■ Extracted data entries

|---|

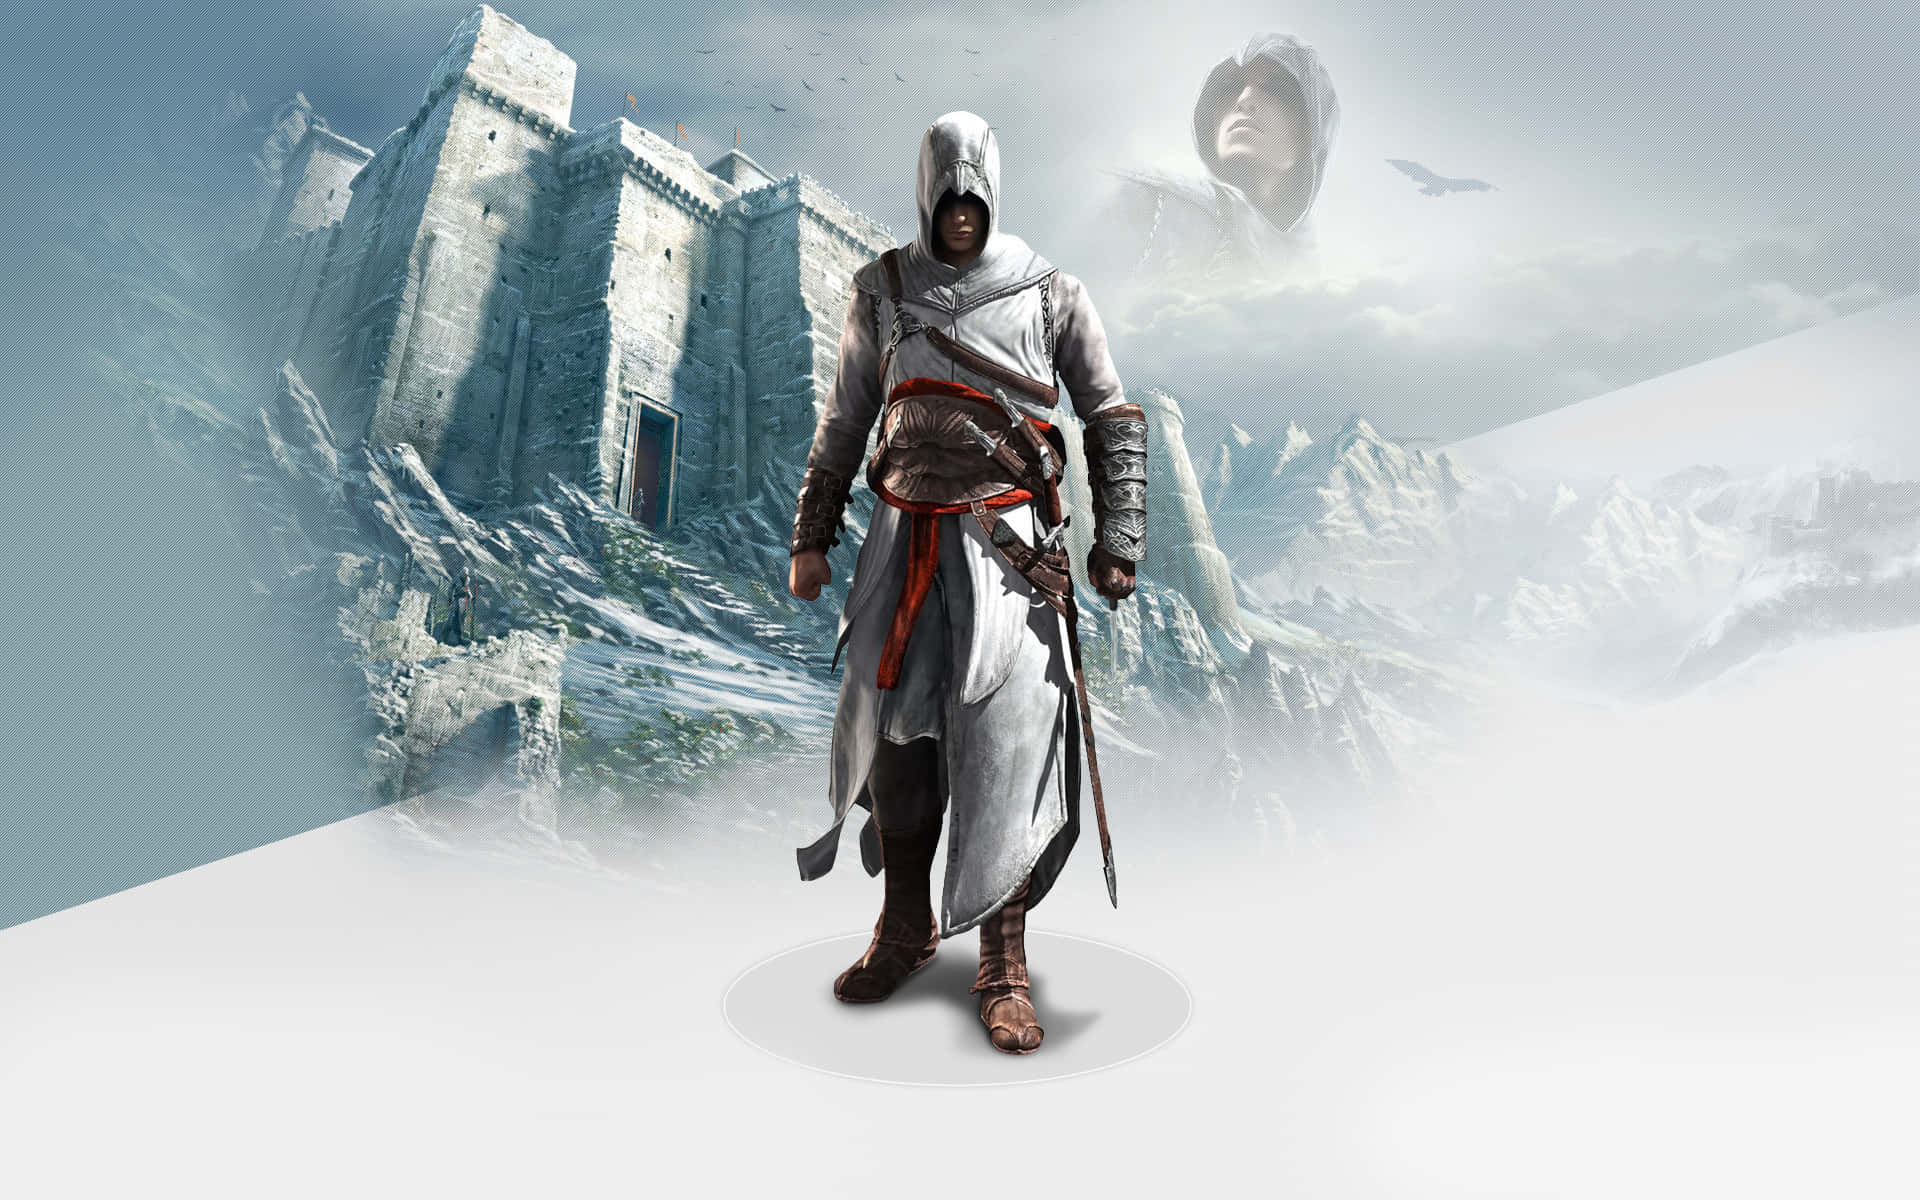 Assassin's Creed Altair in Action Wallpaper
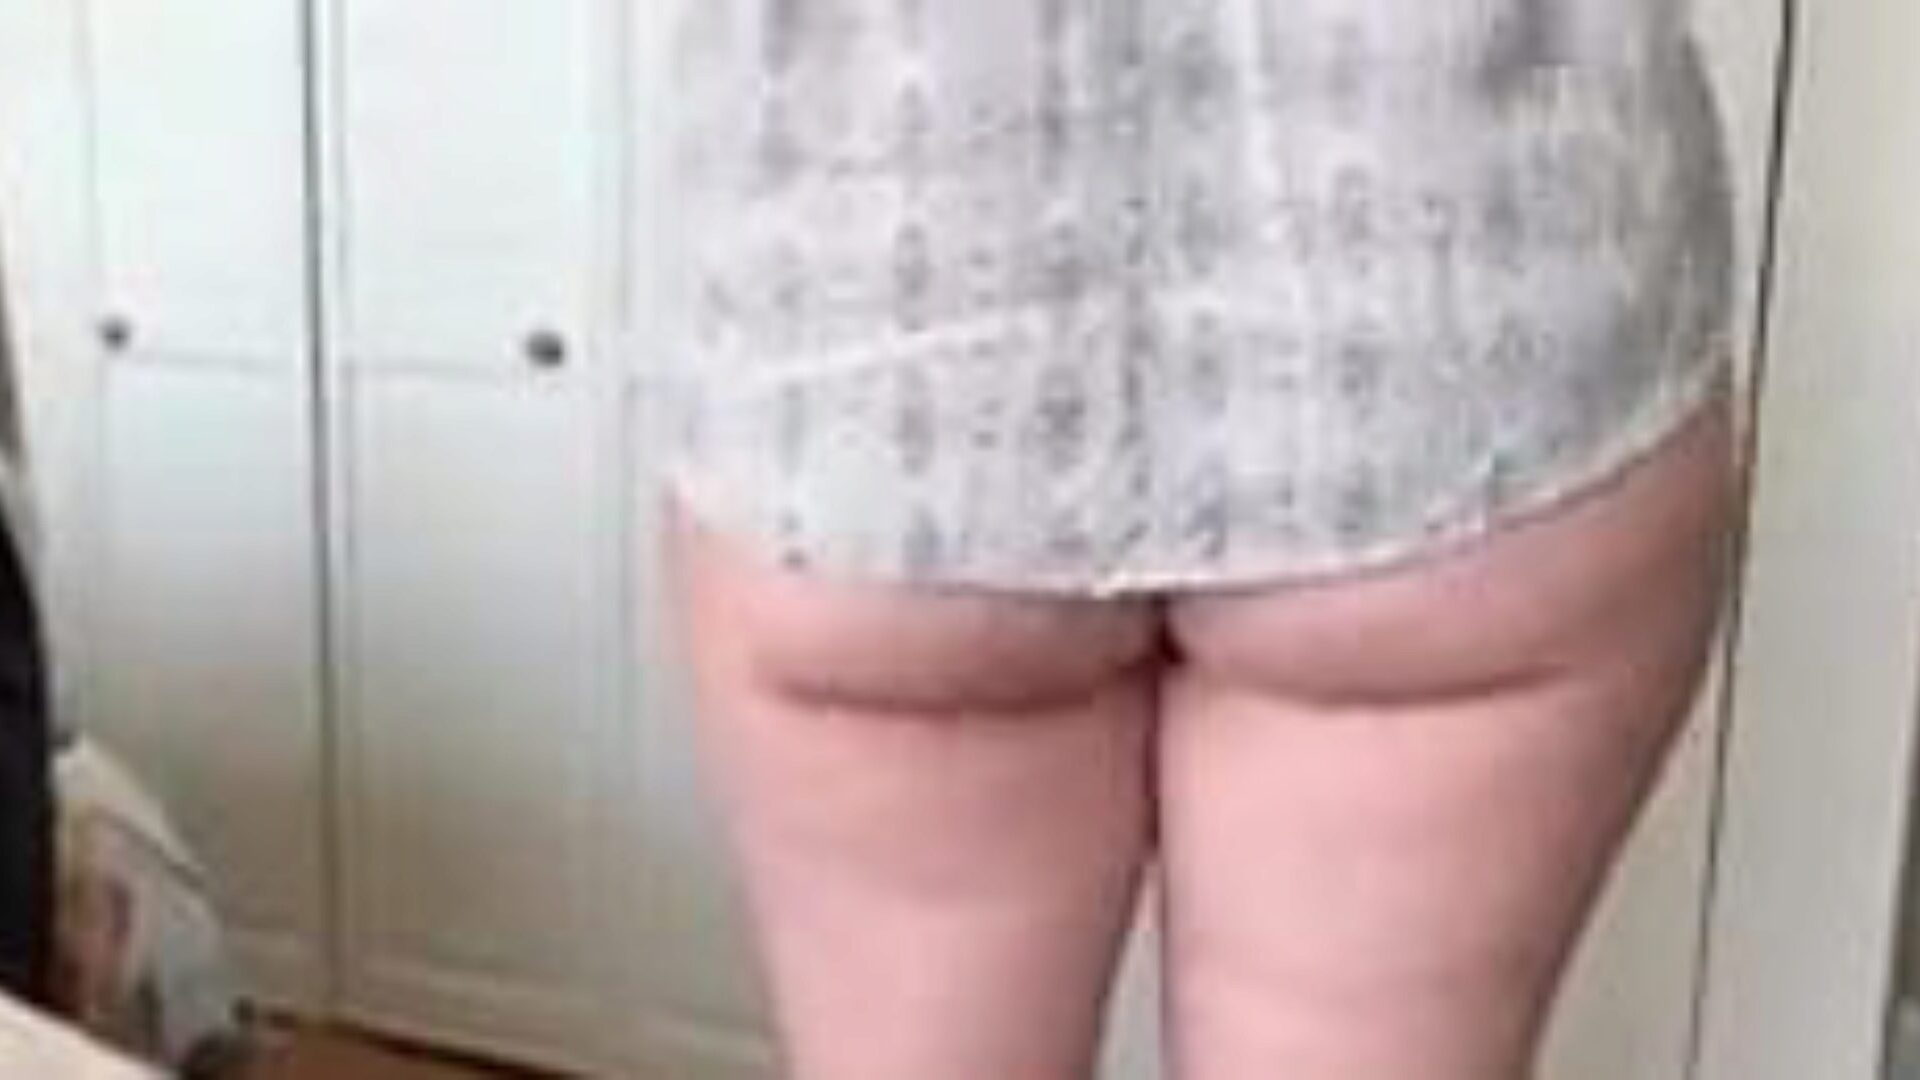 Booty Shaking mother I'd like to fuck - PAWG Ass Jiggle, HD Porn c0: xHamster | xHamster Watch Booty Shaking mother I'd like to fuck - PAWG Ass Jiggle movie scene on xHamster, the most good HD hump tube website with tons of free Mobile MILF mother I'd like to fuck Twitter & Xxx Ass porn videos
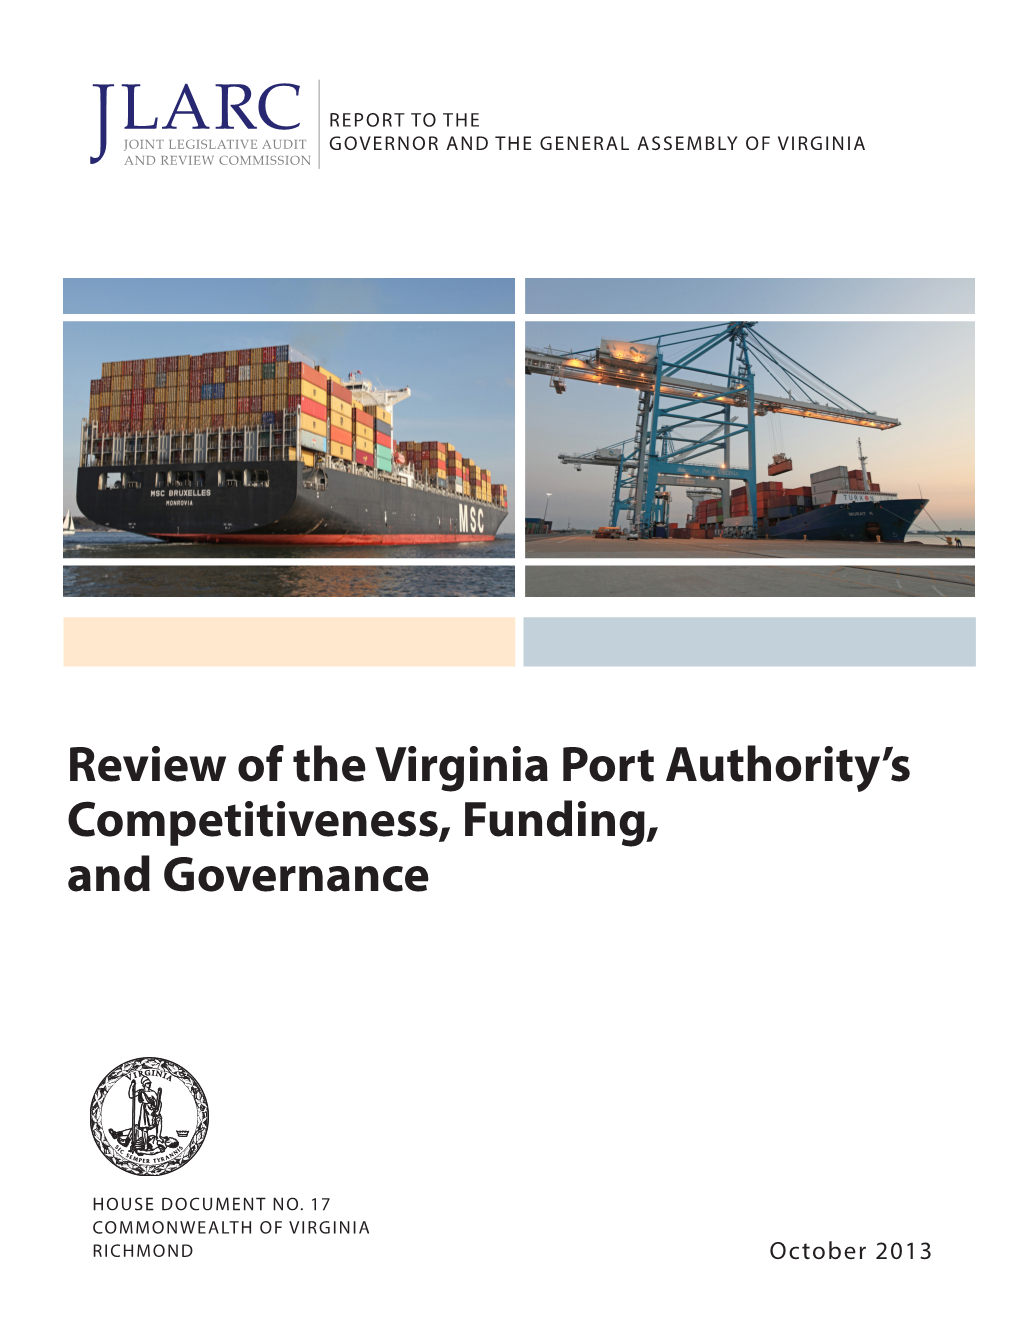 Review of the Virginia Port Authority's Competitiveness, Funding, And
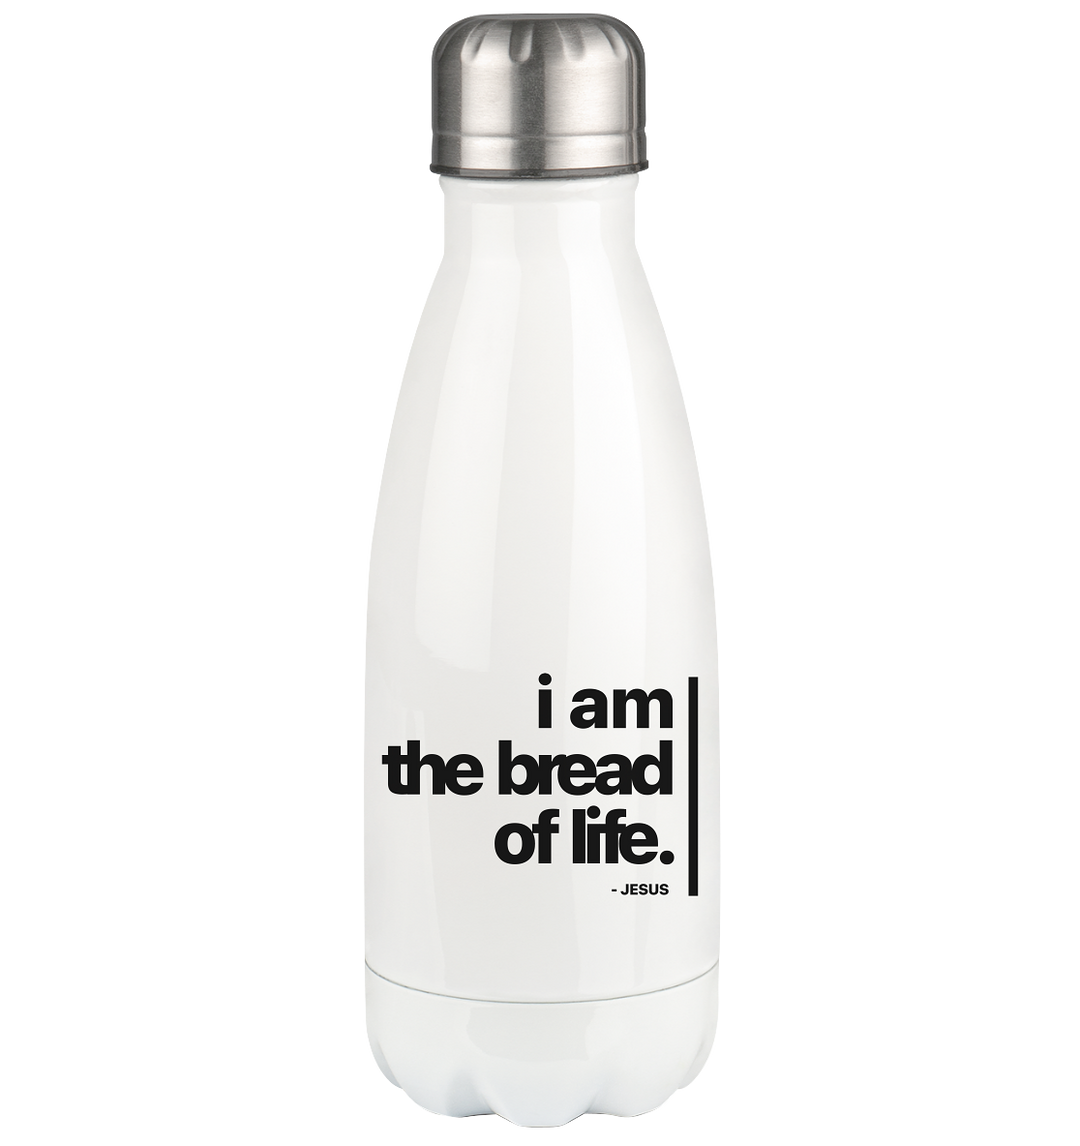 Bread Of Life - Thermoflasche 350ml
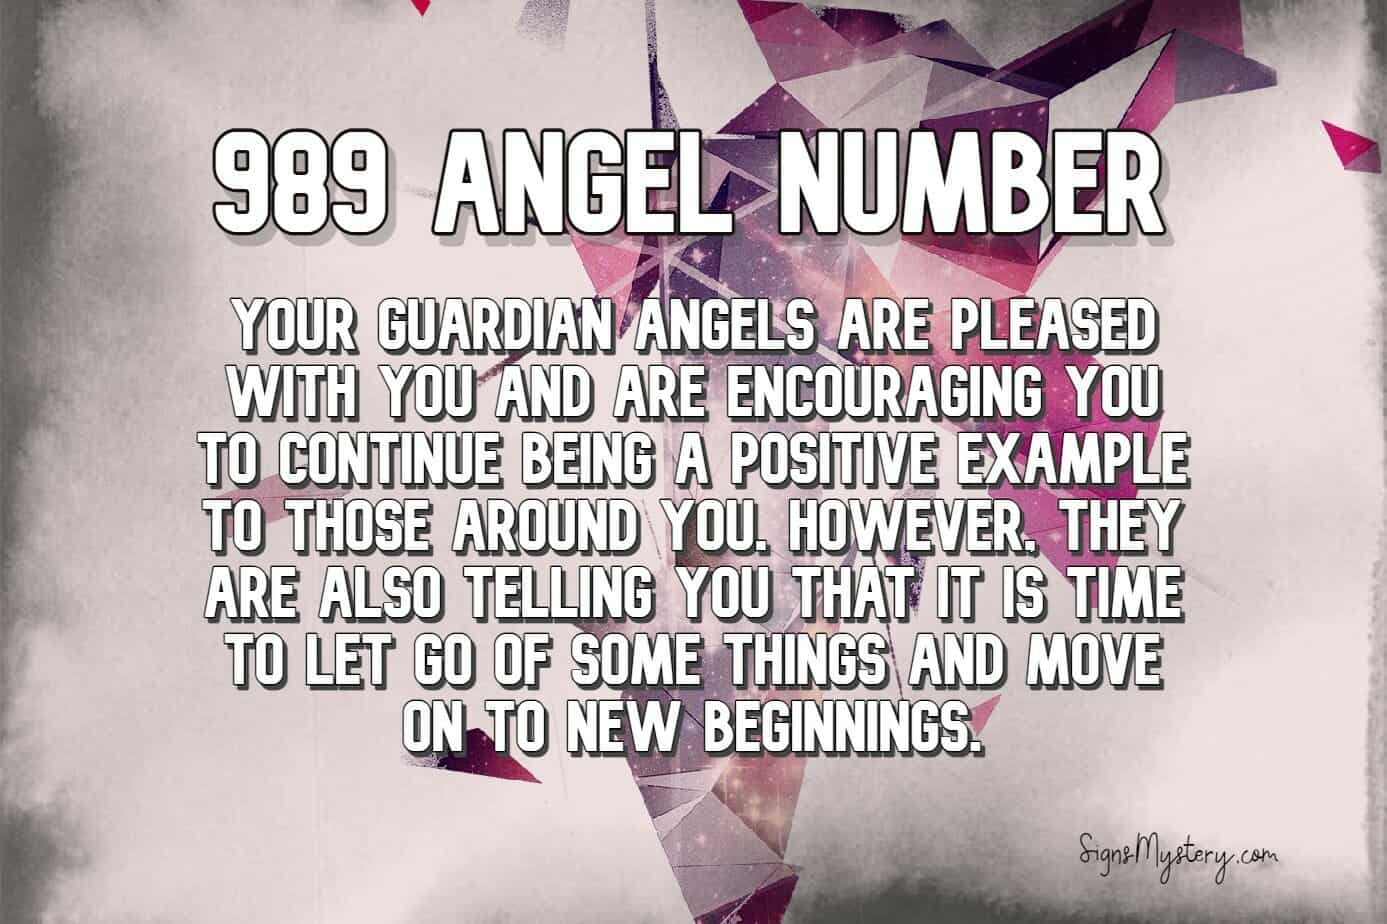 989 angel number meaning

|---|

■ EXERCISE OBJECTIVE
Write out the lines that run from the line containing "Bread Of Life - Thermoflasche 350ml" to the end of the entries, inclusive, exactly as written. Skip every picture.

■ EXERCISE RESULT
 Bread Of Life - Thermoflasche 350ml
 989 angel number meaning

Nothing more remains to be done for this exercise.